# Missing rod



## Redneckracoon (Jun 8, 2011)

please keep an eye out for a custom wrapped short spinning rod (5 1/2 ft) speckeled trout graphic by reel seat with a penn gold and black spinner. this is a very important rod of my dads. it is an old rod. 2nd eye from top has different wrap color and has been replaced. has a long-ish butt. short but stiff. like i said PLEASE keep an eye out for it and PM me if you see it. thanks


----------



## Charlie2 (Oct 2, 2007)

*Missing Rod*

Just curious. What happened to it?
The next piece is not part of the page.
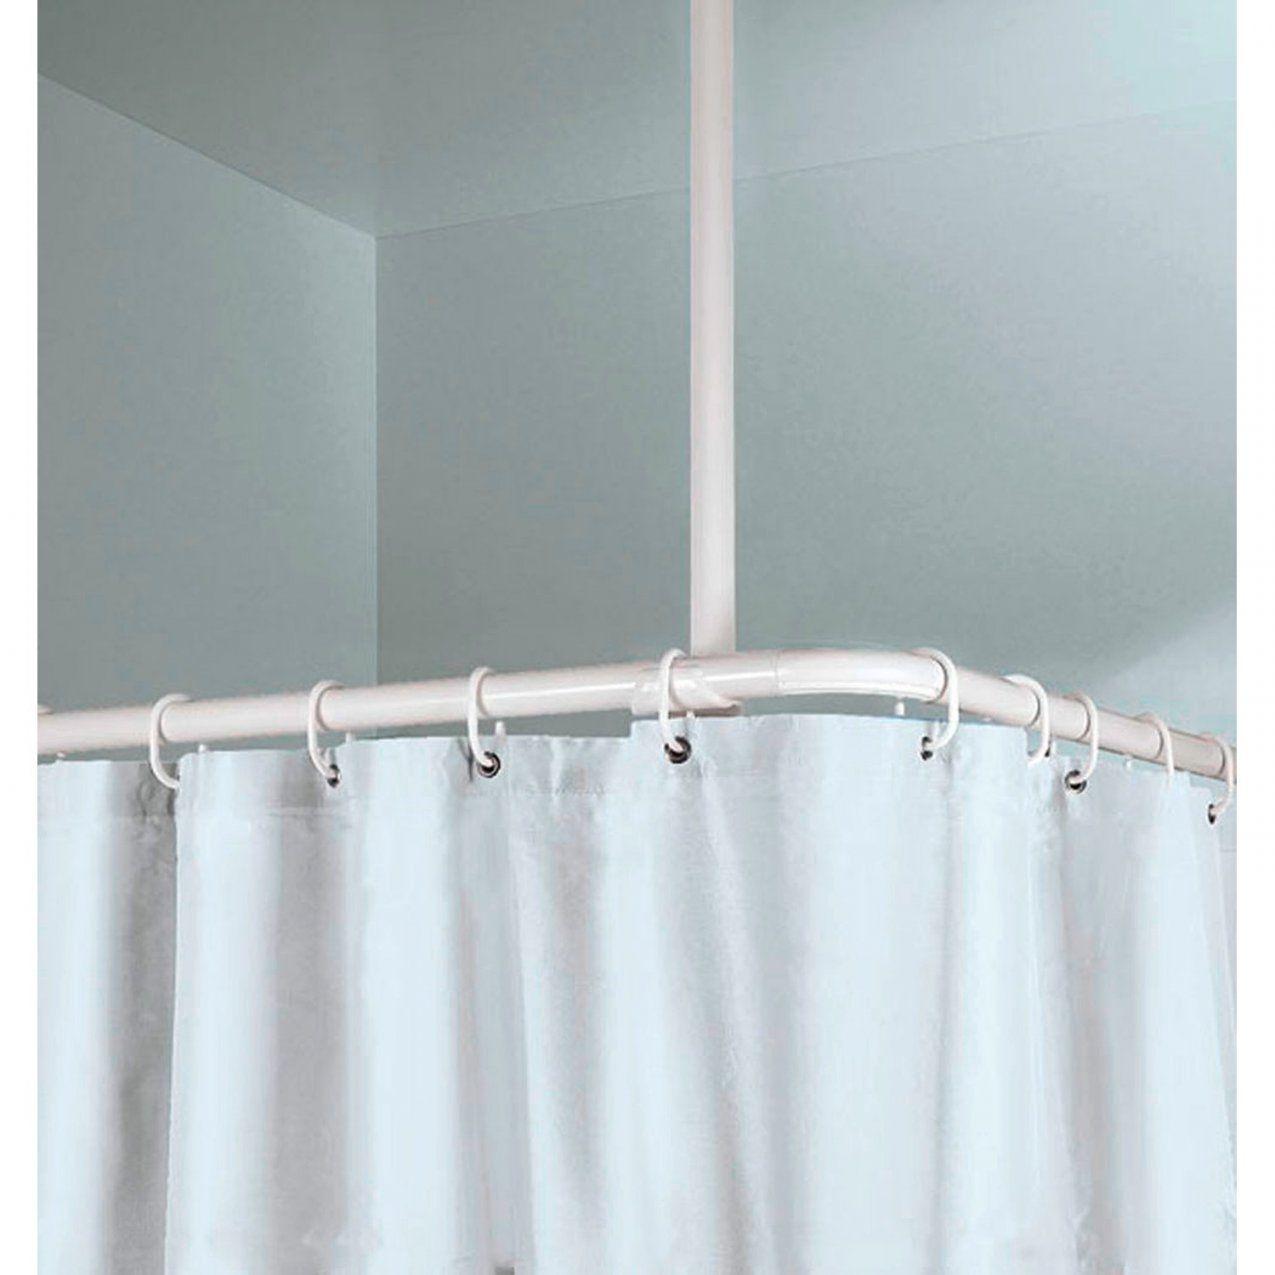 Obi Stange Deckenhalter 60 Cm Länge (25 Mm) Weiß Kaufen Bei Obi von Duschvorhang Mit Stange Für Badewanne Photo

C2


----------



## Redneckracoon (Jun 8, 2011)

we dont know yet but we last used it at ft. pickens


----------



## 20simmons sea skiff (Aug 20, 2010)

someone on forum found a rod last week and posted it on forum to call and describe to claim, i believe he found it at pickens.. looked it up, it was found on base


----------



## Redneckracoon (Jun 8, 2011)

may i ask who it was?


----------



## lastcast (Oct 12, 2007)

http://www.pensacolafishingforum.com/f21/found-rig-101600/


----------



## Redneckracoon (Jun 8, 2011)

thats not it but thank you for suggesting it!


----------